I tried to pull myself upright, but I was still weak, so I just lay there and thought about the things I had seen. Had the Emperor really intervened to save me? Had I really seen Anna? Or was she just another product of the fever that had fired up so many strange visions out of my diseased brain? I thought about the daemons I had seen and the odd dreams I had experienced. They had been wild hallucinations, surely, and yet at the same time they had been both consistent and convincing, as if somehow I had been peering into another world, one that existed just below the skin of our reality, at least on this cursed planet.

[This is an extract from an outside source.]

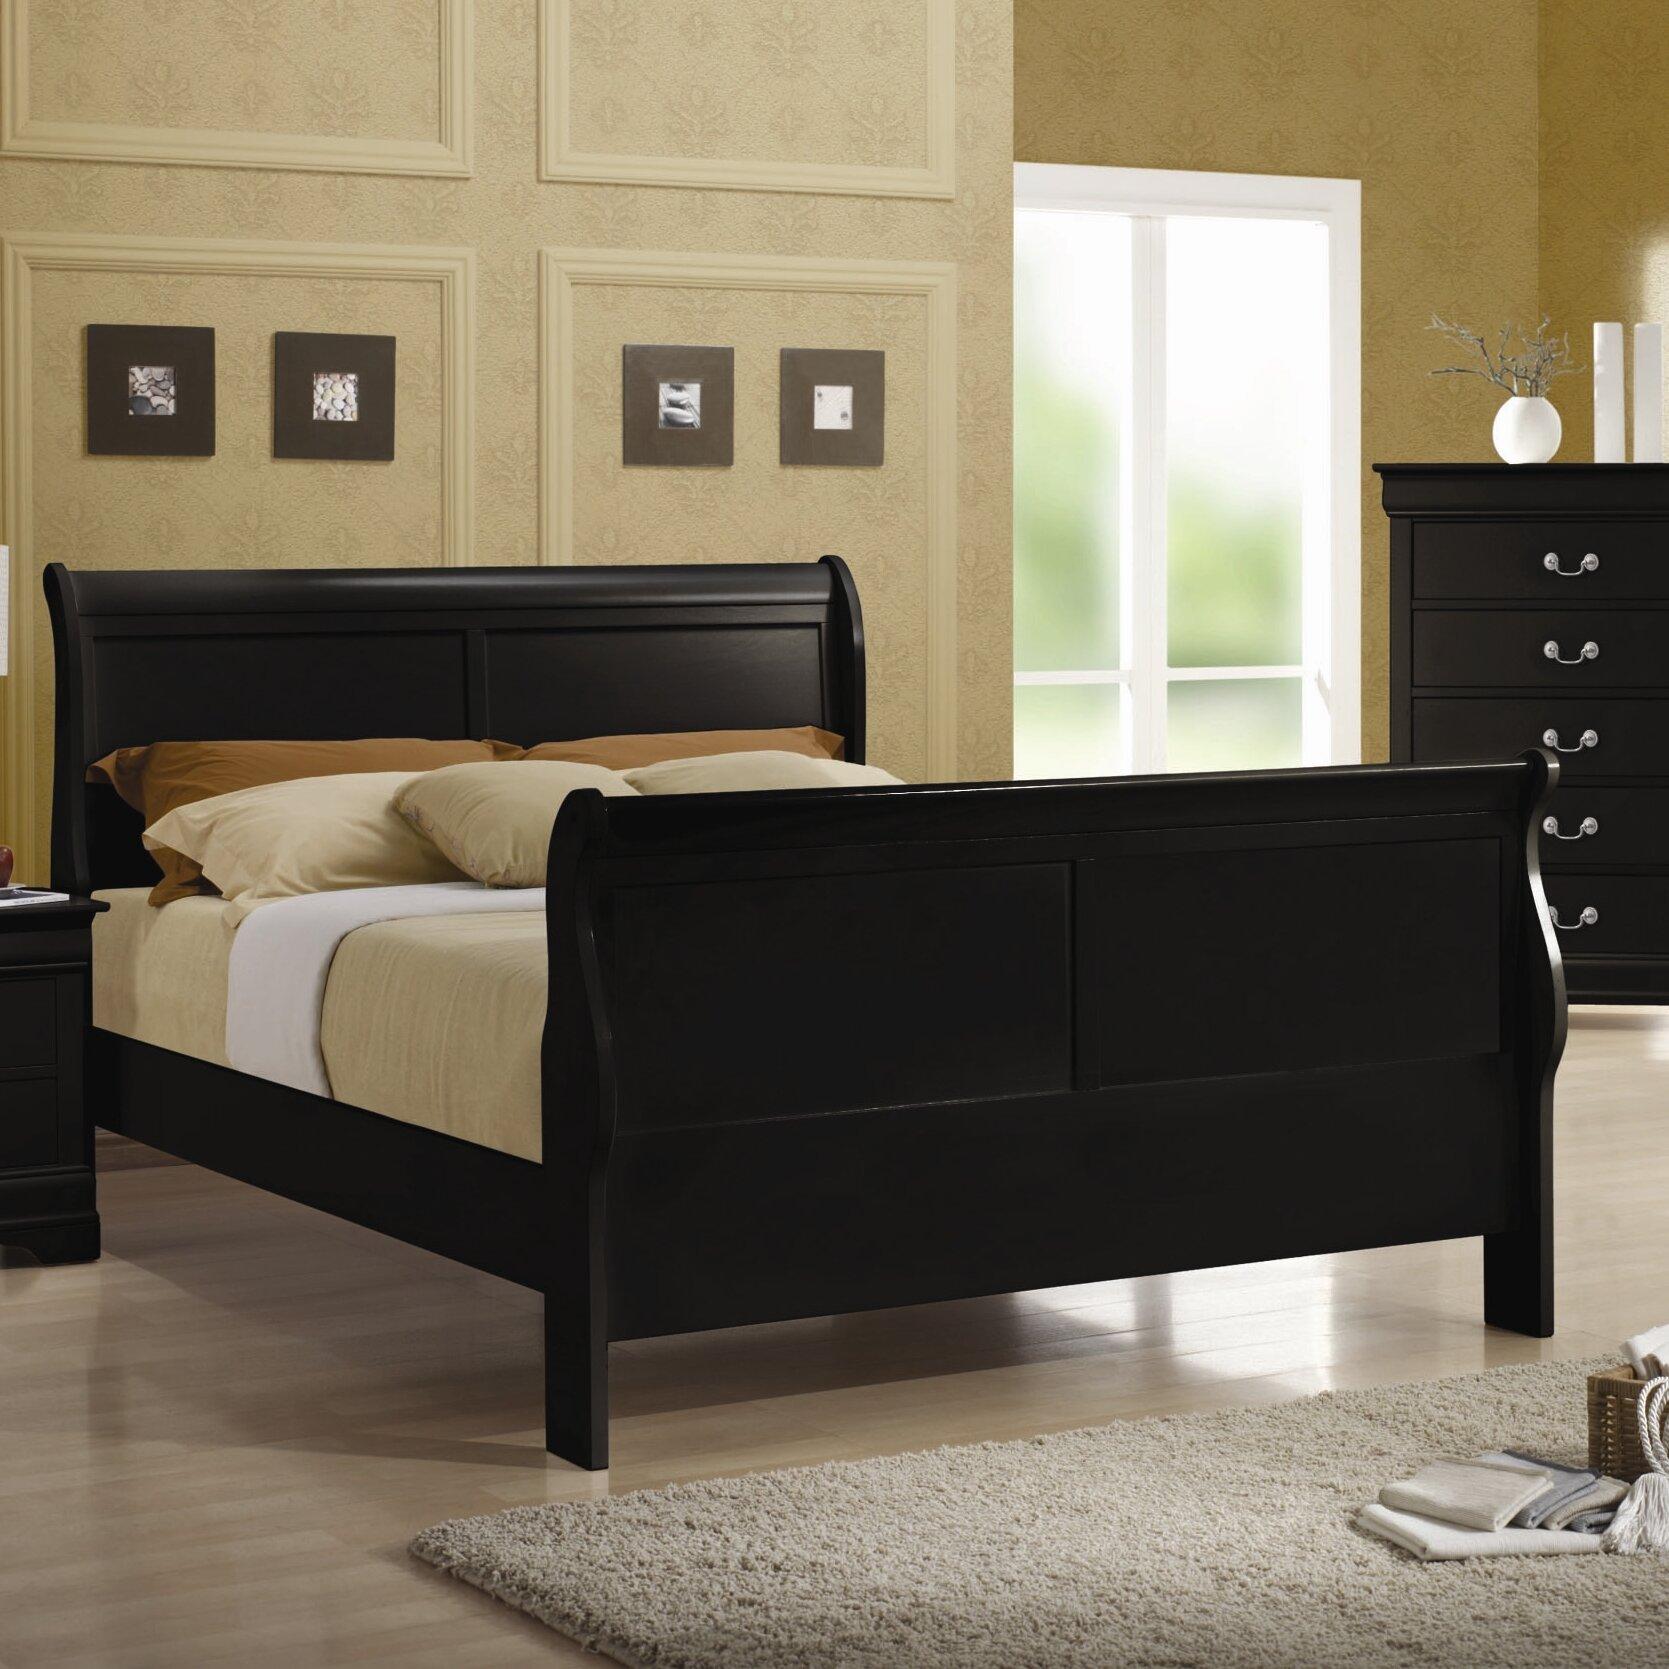 Alcott hill northampton sleigh bed reviews wayfair for Furniture northampton

Such thoughts are easy to come by in a hospital bed, surrounded by shrieking wounded.
The hospital was packed with dying men. At first I wondered about the lack of care that had been given to me since, after all, I was one of Macharius’s chosen guards, but it came to me after a few days that I was getting the best care that was available. Medicae adepts checked me and shook their heads wonderingly and I realised that I had become something of a celebrity in the wards since my astonishing recovery. It turned out I was the only soldier to have done so from the fever I had suffered.
They checked the wound on my leg, which was no longer inflamed, although it was crusted over. They laid cool hands on my forehead and intoned invocations to the Emperor. They wafted incense over me that brought strange dreams and helped control the fevers that I still suffered.